Это хитро подстроенная каверза так пришибла Прохора Жаркова, что он безропотно покорился судьбе. Зато после свадьбы, в первую же брачную ночь, Прохор жестоко избил Варвару. Он бил ее и потом, при каждой выпивке; да и напивался он отныне, пожалуй, затем, чтобы лишним ударом напомнить безответной жене о своей непримиренности с положением семейного человека.
Но несмотря на пьяные дебоши, независимо, казалось, от собственной воли, Прохор, подобно пловцу, попавшему в омут и яростно сопротивлявшемуся стихии, все-таки был вовлечен в водоворот нового житья-бытья и, как предвидела его мать, стал мало-помалу остепеняться.
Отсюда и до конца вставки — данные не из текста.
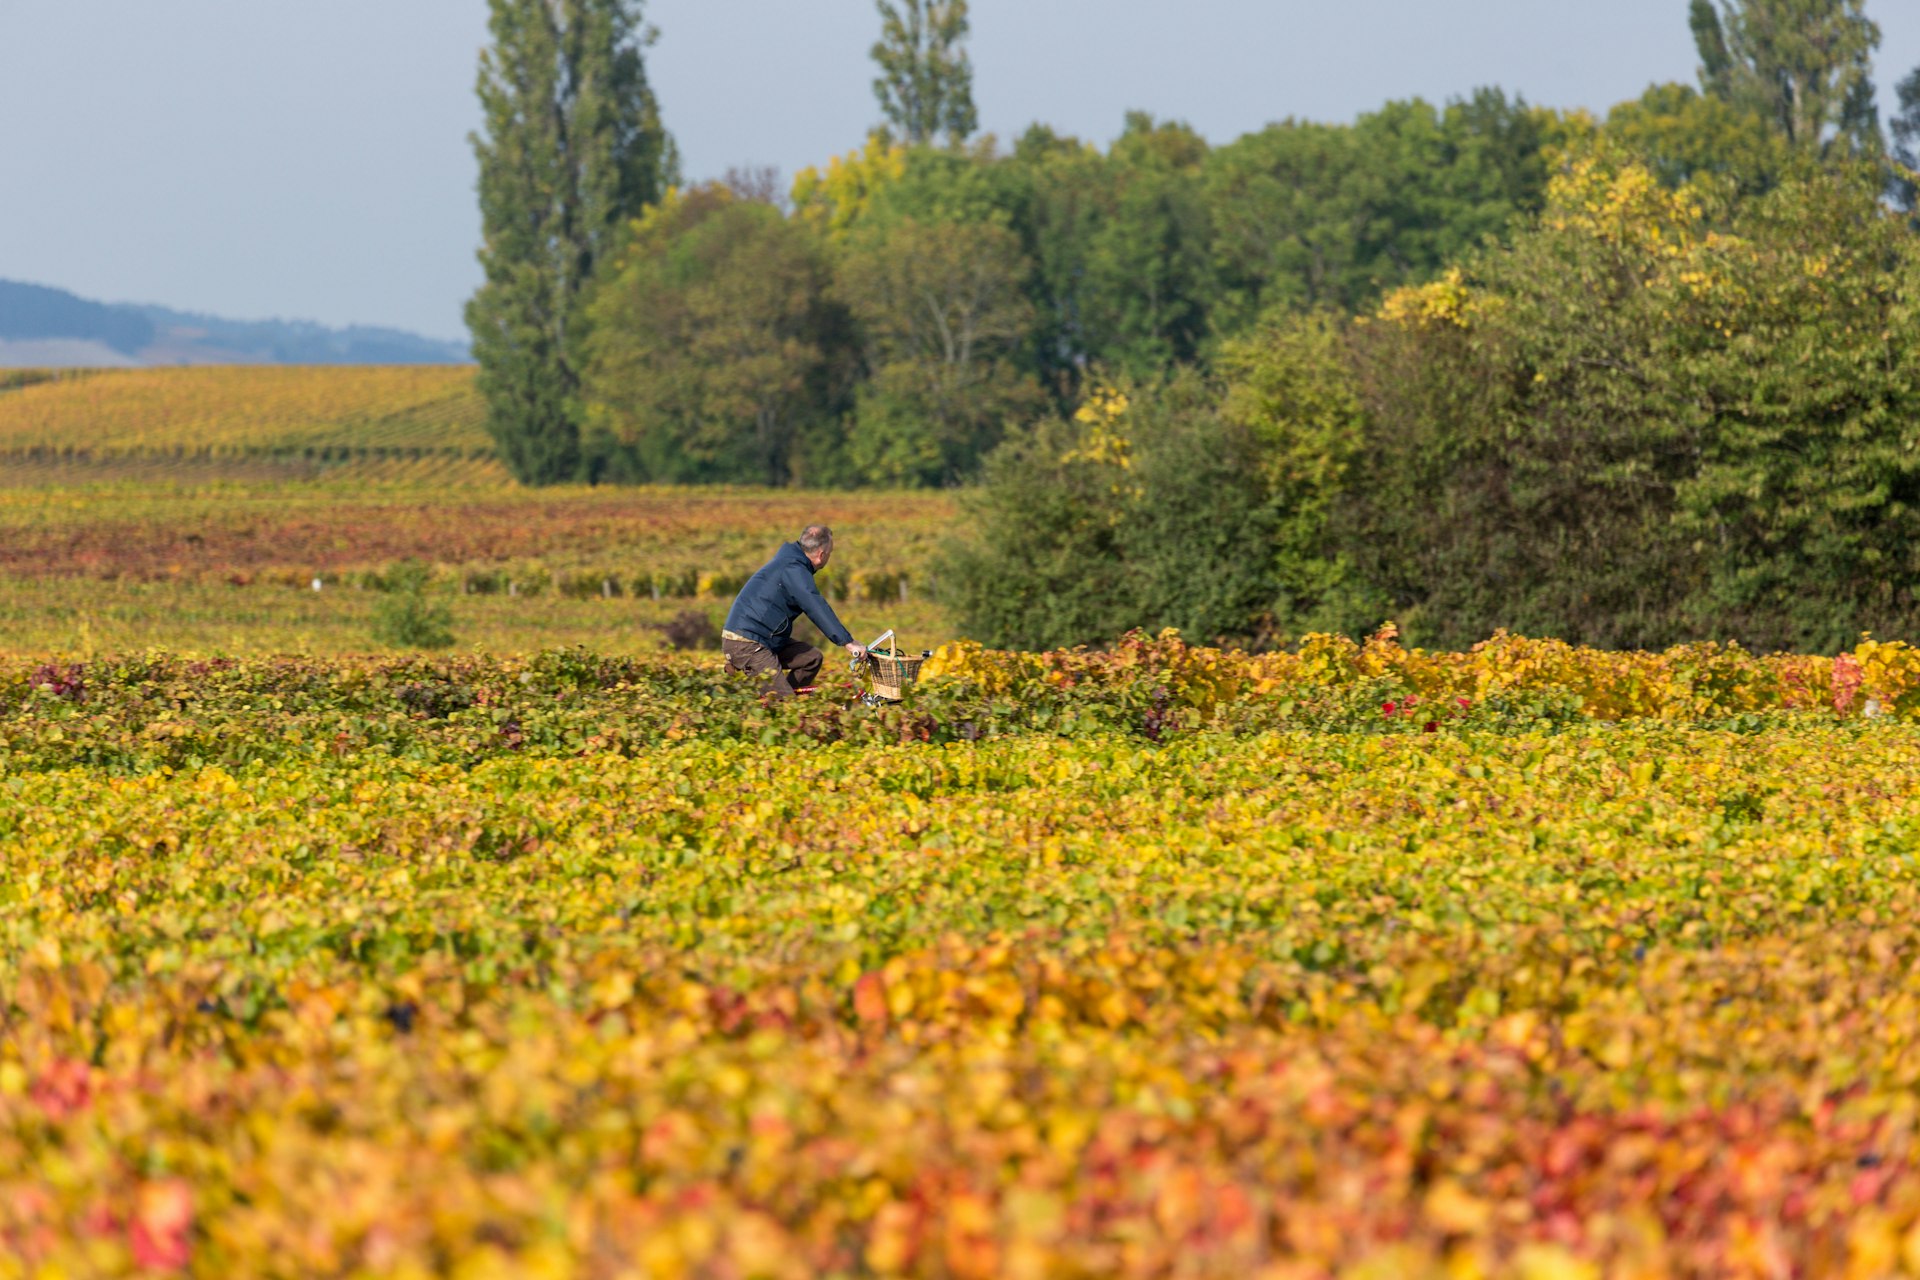 Man on bicycle surrounded by grapevines in autumn colors in Burgundy, France

К тому же по природе своей он был добр и отзывчив на чужую доброту. Он видел, что Варвара была покорной, уступчивой женой, хозяйство вела исправно, могла при случае дать дельный совет; опять же и среди соседей она слыла разумницей, и матери пришлась по душе умелой стряпней. А кроме того, Прохор вскоре стал отцом: у него враз родилось два сына — «два сталевара», как с тайным довольством решил он.
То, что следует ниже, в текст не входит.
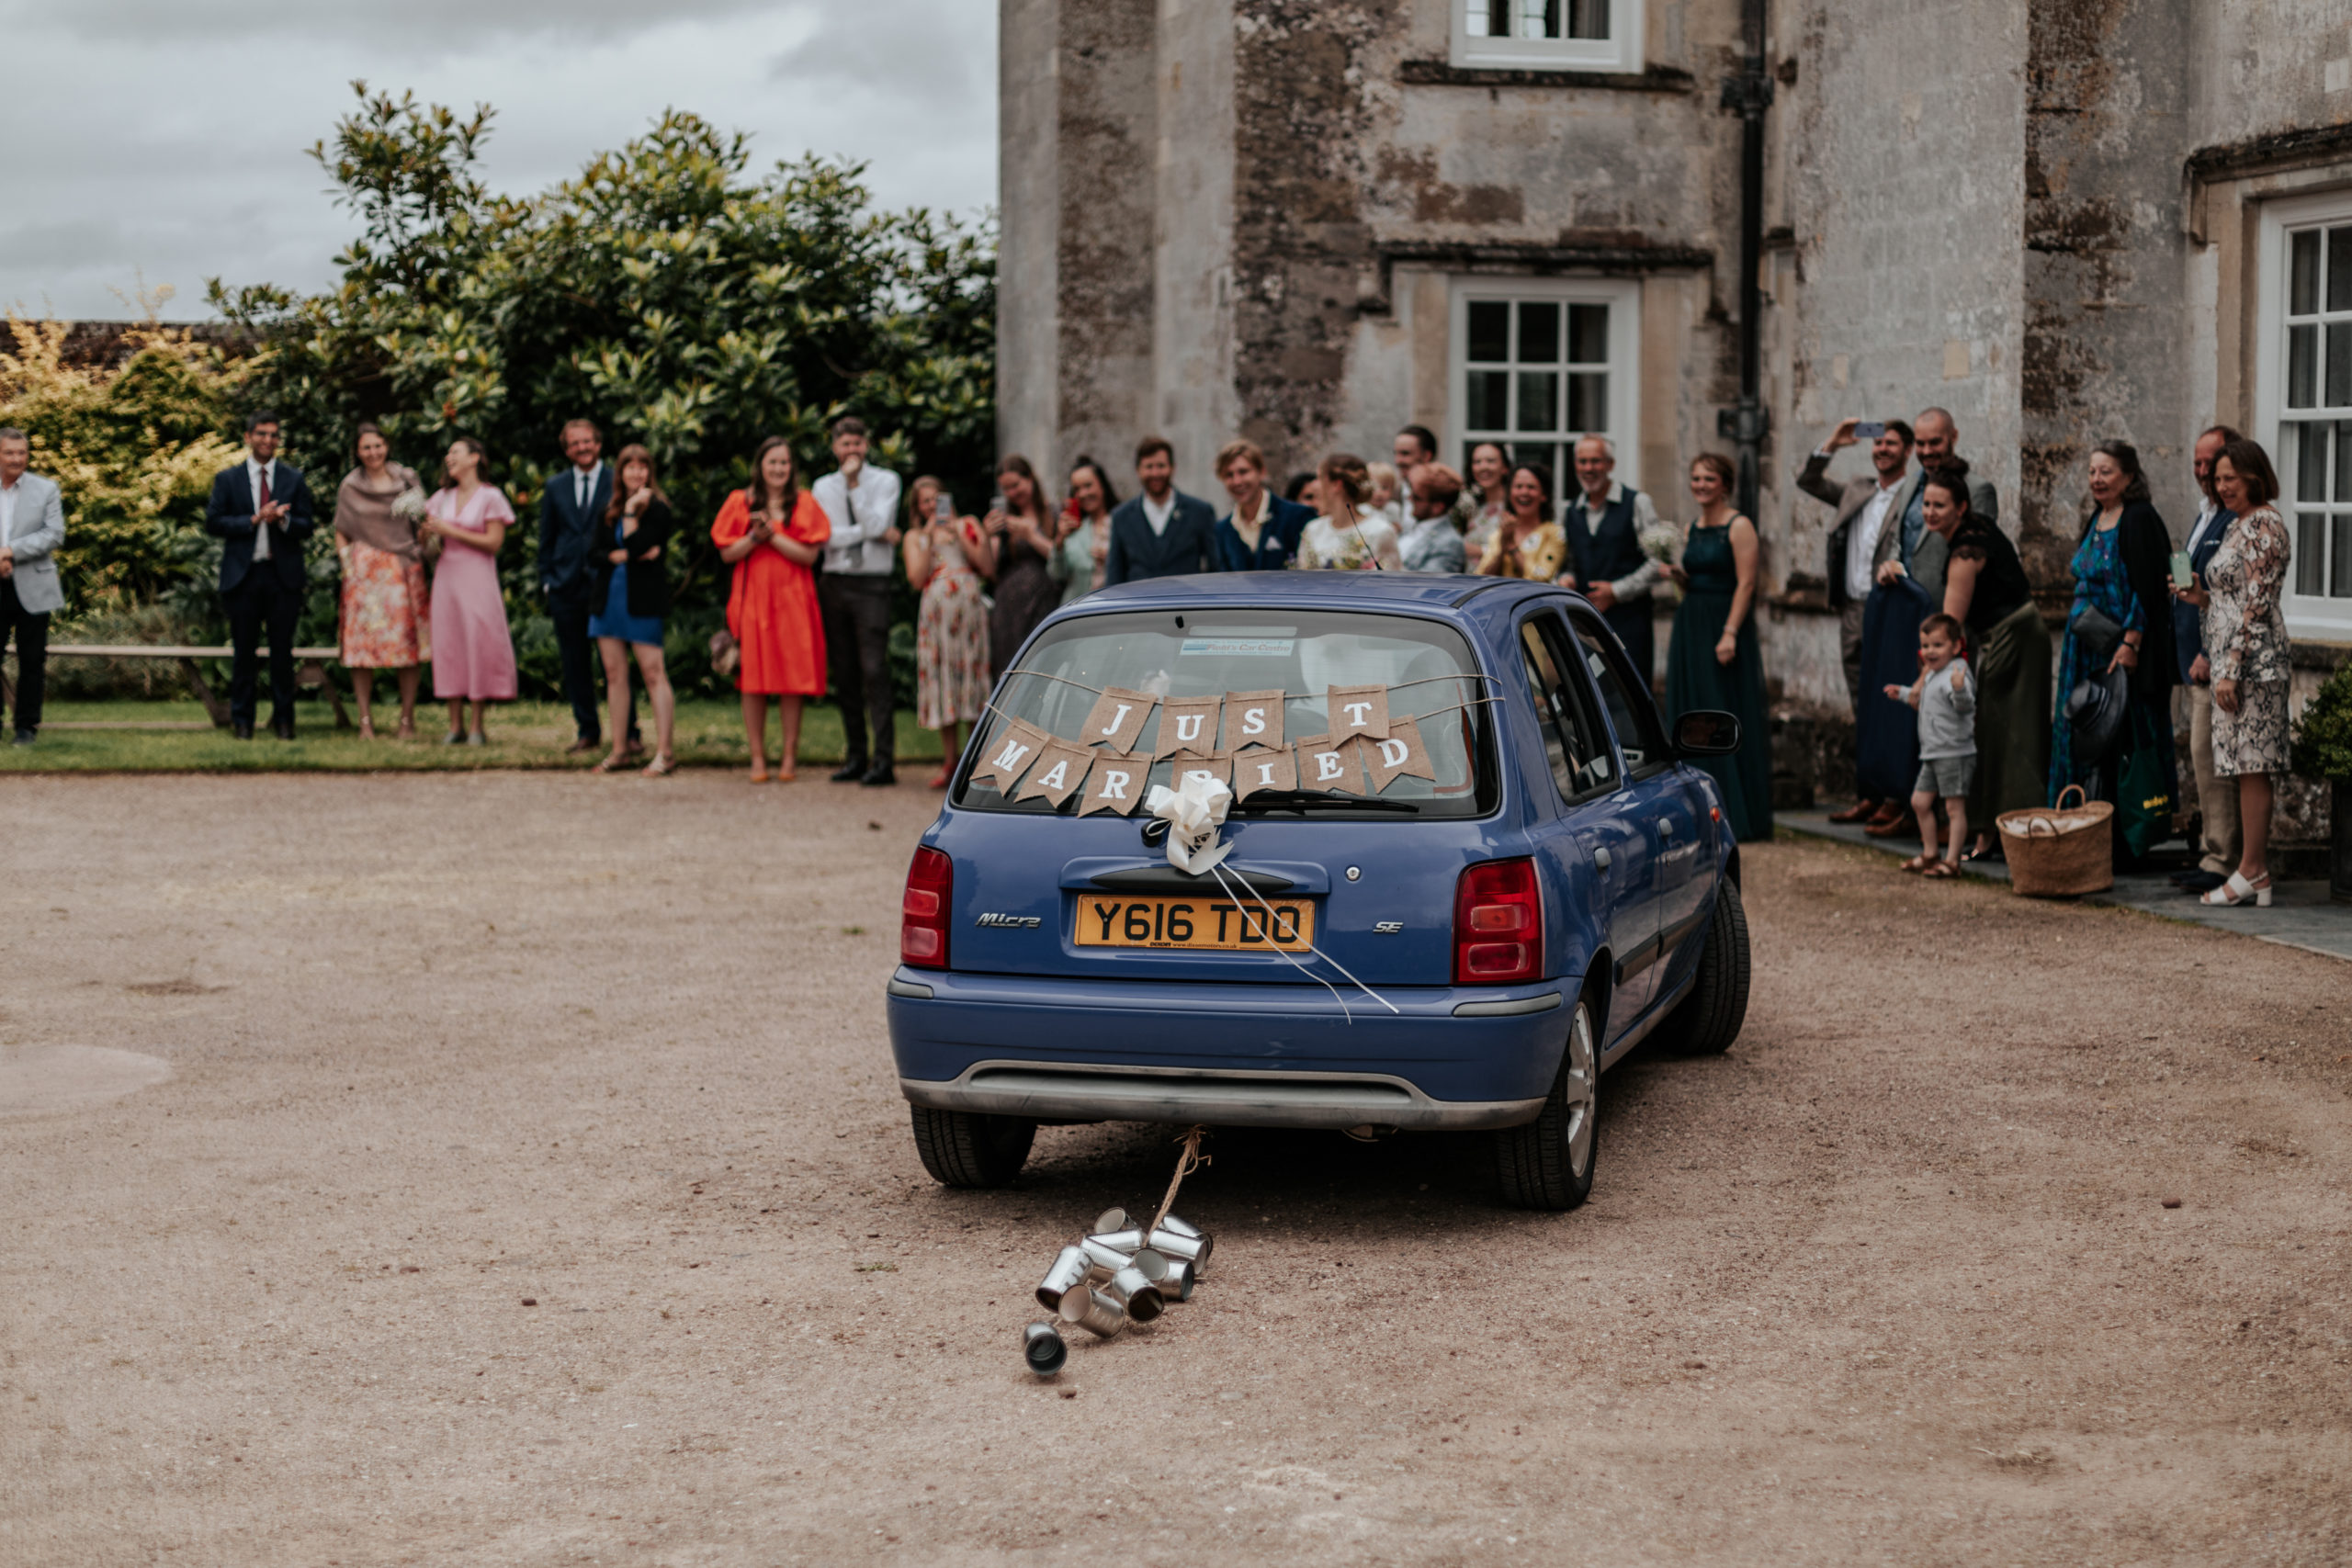 Sarah & Cam's old Nissan Micra pick them up to take them to their festival wedding reception, with cans tied to the back

Теперь уже, совестясь, Прохор украдкой прятал деньги на выпивку, а приходя домой пьяным, сдерживался от выкриков, от громыхания сапогами, чтобы не разбудить ребятишек. Правда, такая сдержанность его самого же тяготила. В эти минуты ему даже хотелось услышать от жены слова укоризны: тогда бы нашелся предлог ударить ее; однако жена укоряла лишь скорбными иконописными глазами — и Прохор уже затихал внутренне…
Житейское пророчество матери сбылось.
III
Как луна резко и неизменно делится на две половины — освещенную и теневую, так и жизнь Прохора Жаркова была строго разграничена на две части: на личную, многим невидимую и недоступную, и на ту, которая словно бы освещалась печным огнем и многим была известна, широко видима.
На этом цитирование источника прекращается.